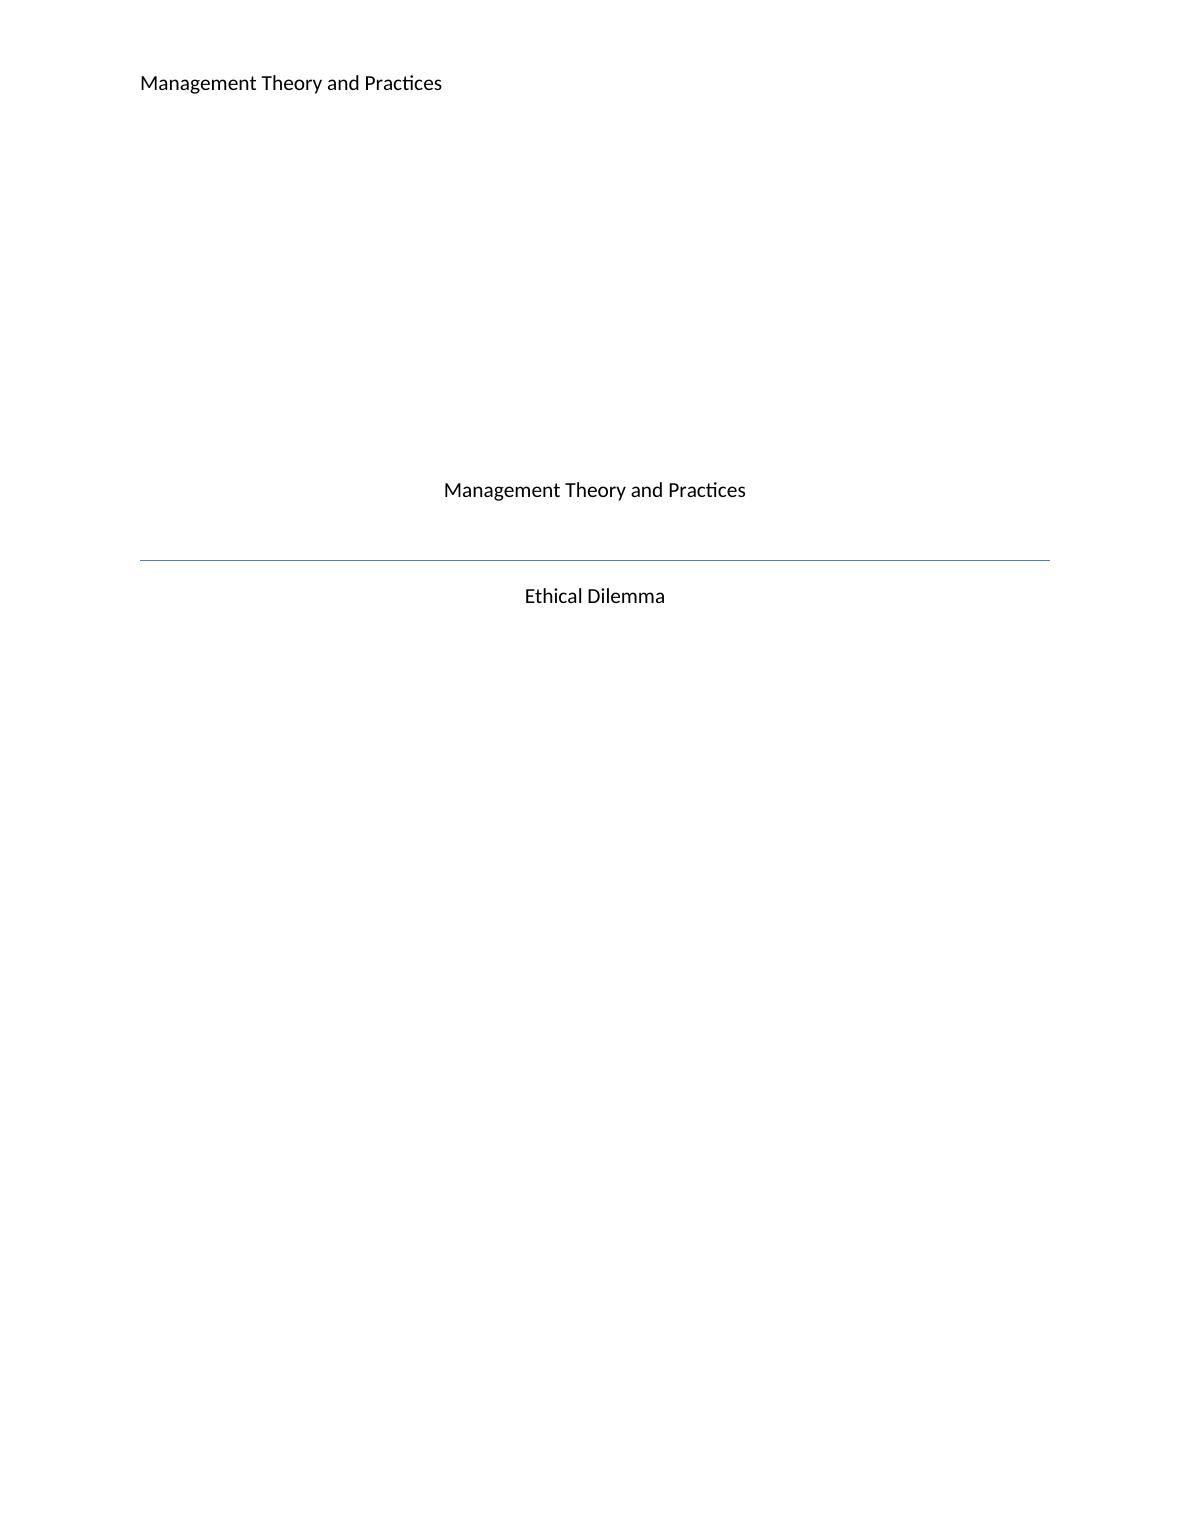 Management Theory and Practices - Report_1
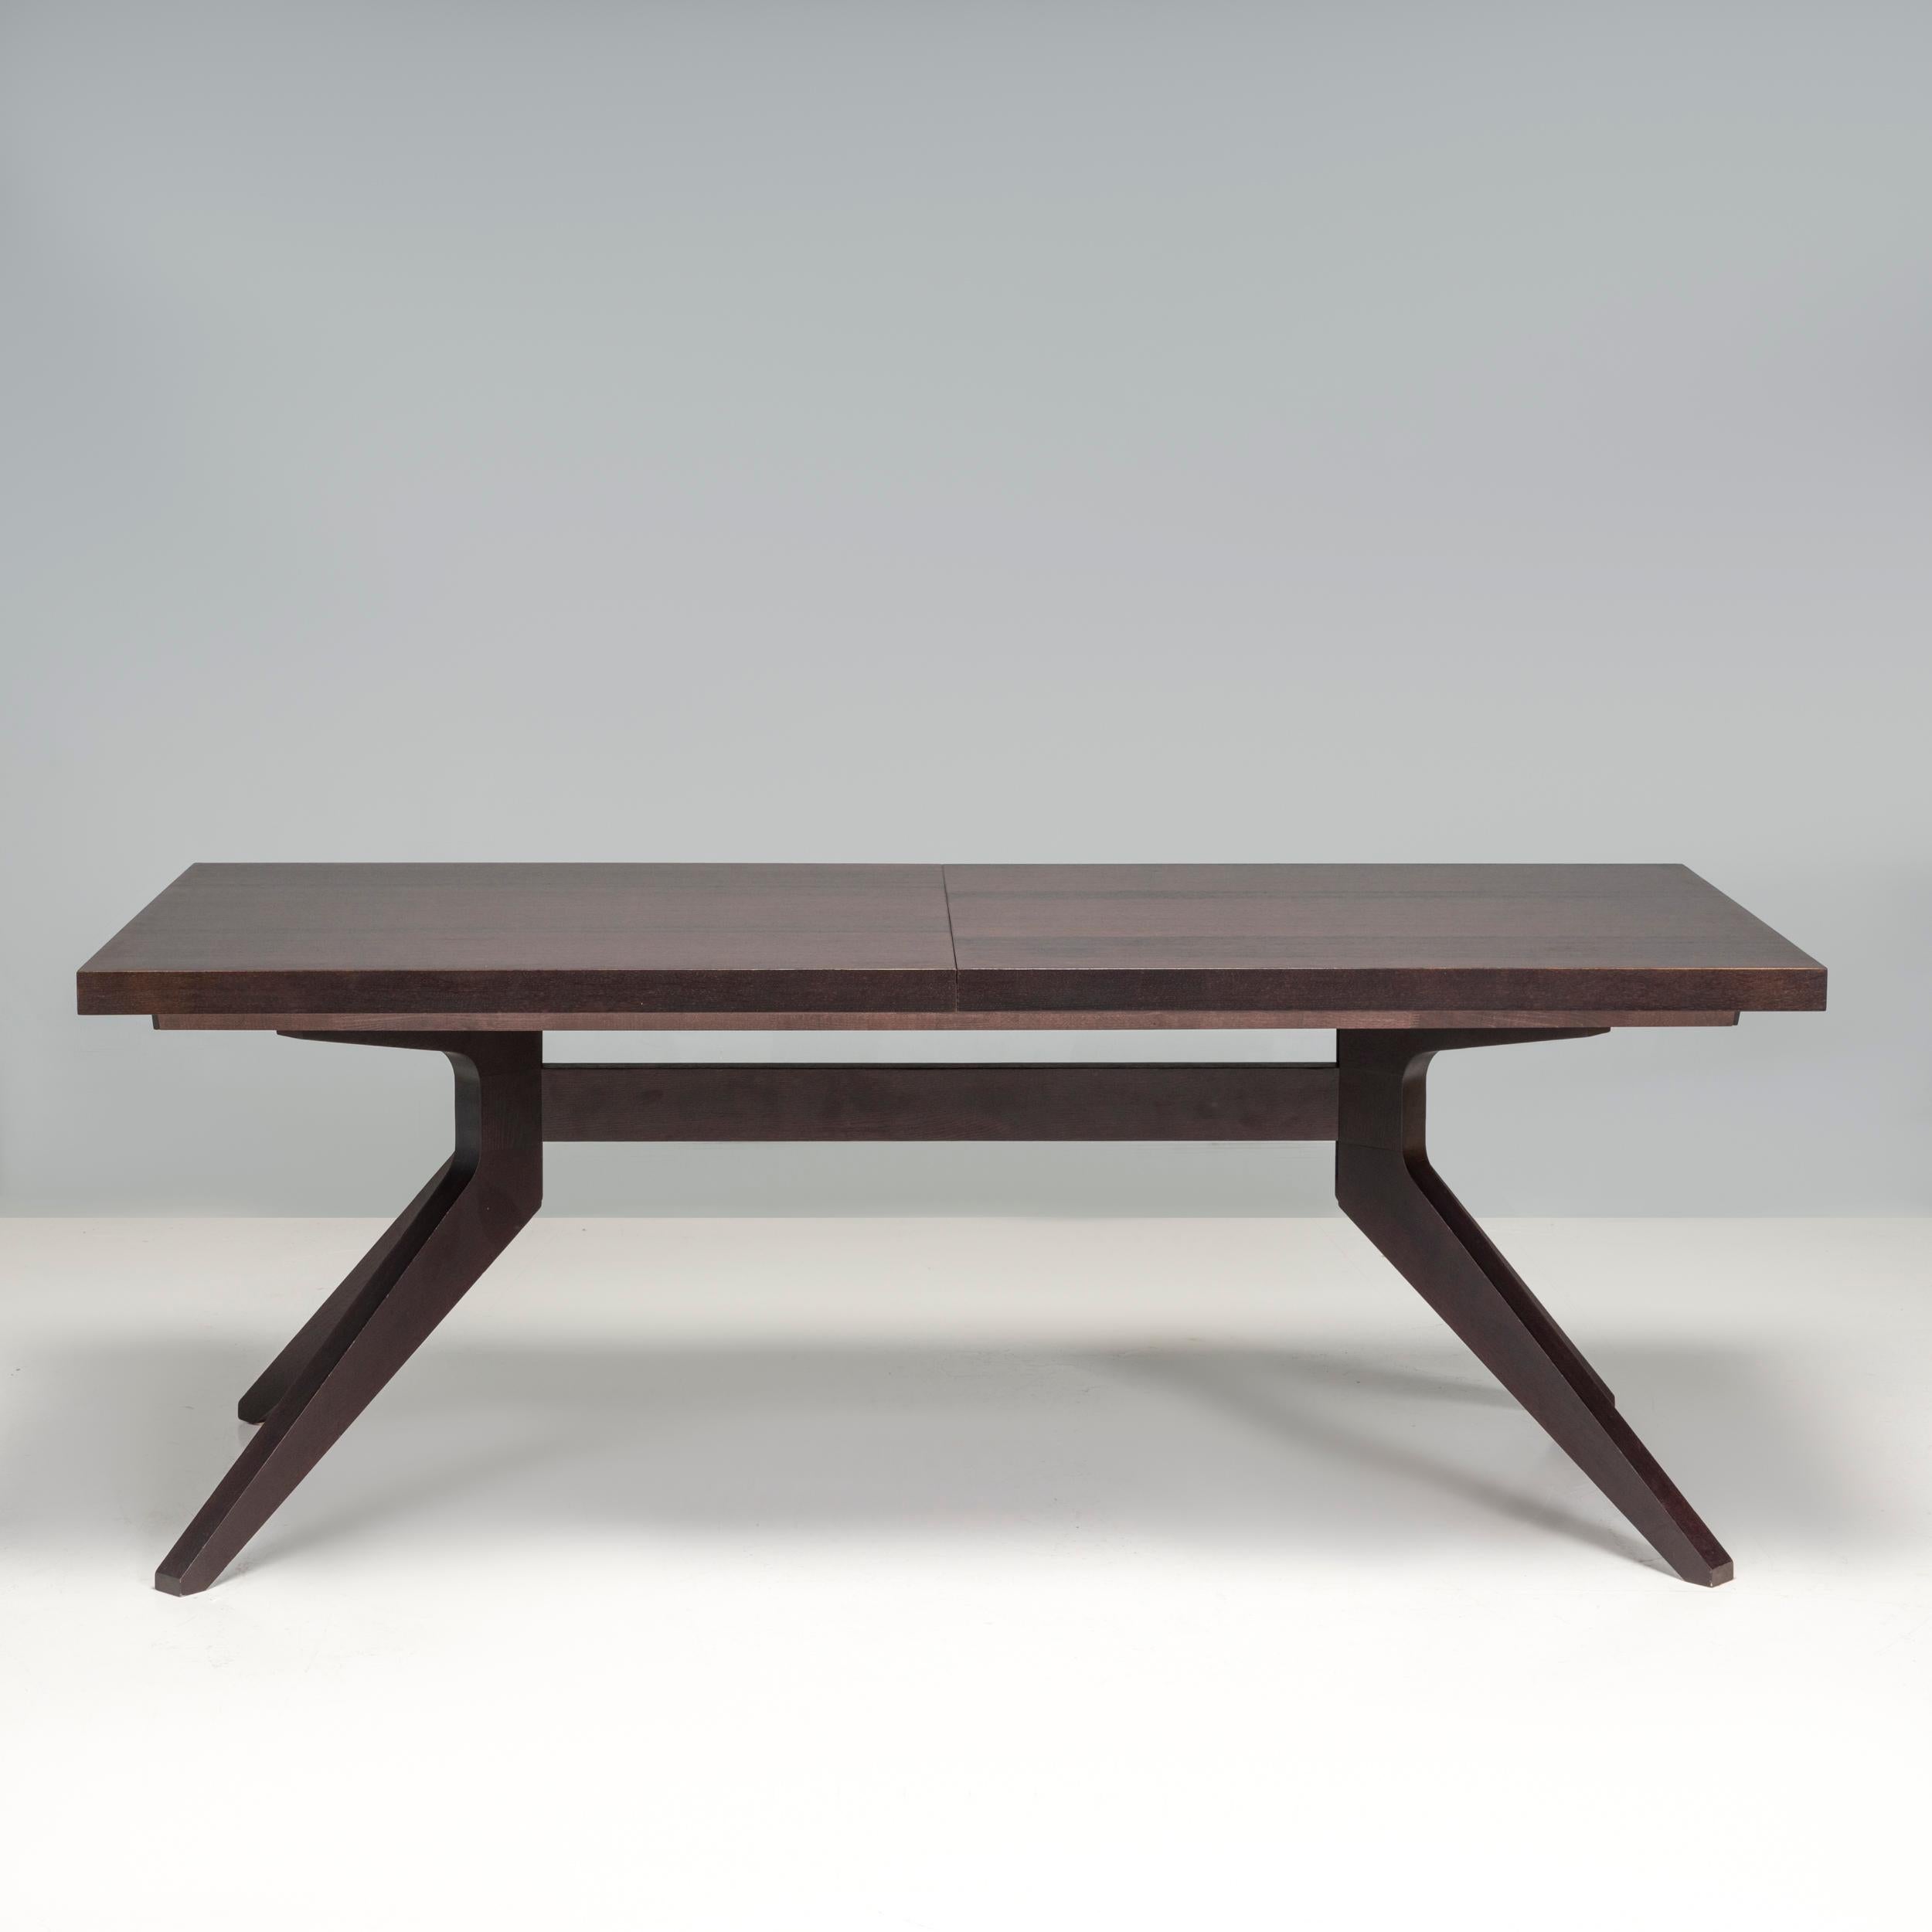 Originally designed by Matthew Hilton in 2014 and manufactured by Case furniture ever since, the Cross dining table is a fantastic example of contemporary British design, winner of the Designer's Guild award.

Manufactured in Lithuania from solid

» **Task goal**
Exactly as given, transcribe every line of the data, but not its images.

» **Written solution**
 Management Theory and Practices - Report_1
 Originally designed by Matthew Hilton in 2014 and manufactured by Case furniture ever since, the Cross dining table is a fantastic example of contemporary British design, winner of the Designer's Guild award.

Manufactured in Lithuania from solid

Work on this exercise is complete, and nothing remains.